Notícias
INSTITUTIONAL
Diogo Thomson takes over CADE's presidency
On 12 April, Commissioner Diogo Thomson de Andrade becomes interim president of the Administrative Council for Economic Defense (CADE), after the presidential handover by Gustavo Augusto. Few civil servants know the agency as well as Mr Thomson, who has worked at the agency for almost twenty years, and participated in some of the most significant moments in Brazil’s competition policy.
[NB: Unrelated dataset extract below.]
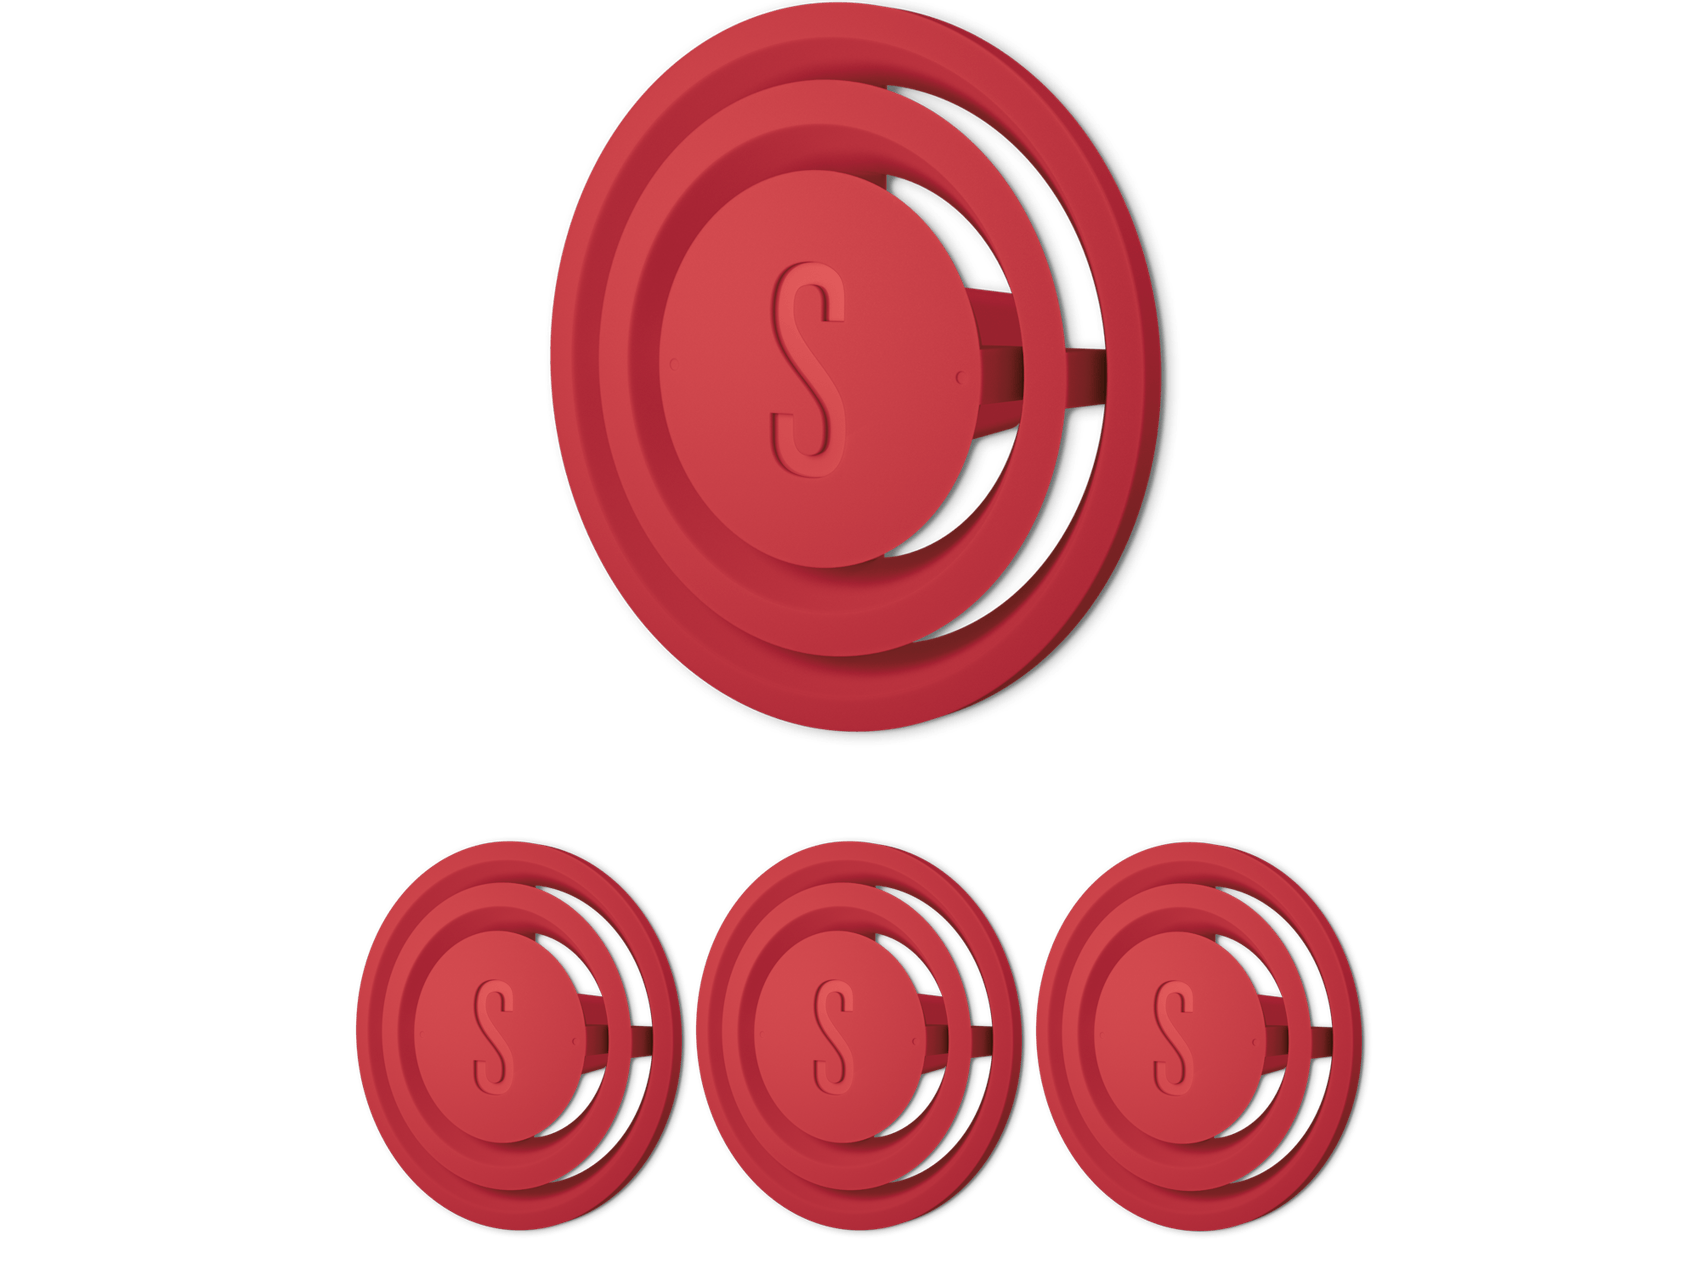 Red Jasmine fragrance pin pack of 4 by Stadler Form

He joined the agency as an attorney in 2007, having worked, since then, through every stage of the institutional framework of the Brazilian competition authority. Mr Thomson worked in litigation, administrative investigations, and management, reaching the position of Assistant Superintendent in 2012, which he occupied for over a decade. During this period, he served as interim Superintendent General from July to October 2017, and from July 2021 to April 2022, taking over the office at critical times for the agency. The new president also worked in the Antitrust Department of the Secretariat for Economic Monitoring at the Ministry of Justice between 2011 and 2012, and has been a federal prosecutor at the Office of the Attorney General (AGU) since 2004.
In 2023, Thomson joined the Tribunal of CADE as a commissioner, completing a journey that had led him to understand the authority from every perspective, including advocacy, investigation, management, and adjudication.
In the position, he contributed to the development of extensive case law on price-fixing practices by professional councils, with emphasis on the CRECI/GO case, and deepened the debate on vertical restrictions in the Consulta Pirelli case. In the field of merger reviews, Diogo Thomson led investigations of major transactions, such as the one involving Tim and Telefônica. Recently, his decision in the Google News case has placed CADE at the forefront of the regulatory debate on digital markets, consolidating the agency's role as an international benchmark in the analysis of conduct on platforms.
Mr Thomson, who holds a PhD in Law from the Brasília Institute of Education, Development and Research (IDP) and a Master’s degree in Philosophy of Law from the Pontifical Catholic University of São Paulo (PUC-SP), brings the experience of almost two decades of uninterrupted service in the defence of competition in Brazil to the presidency.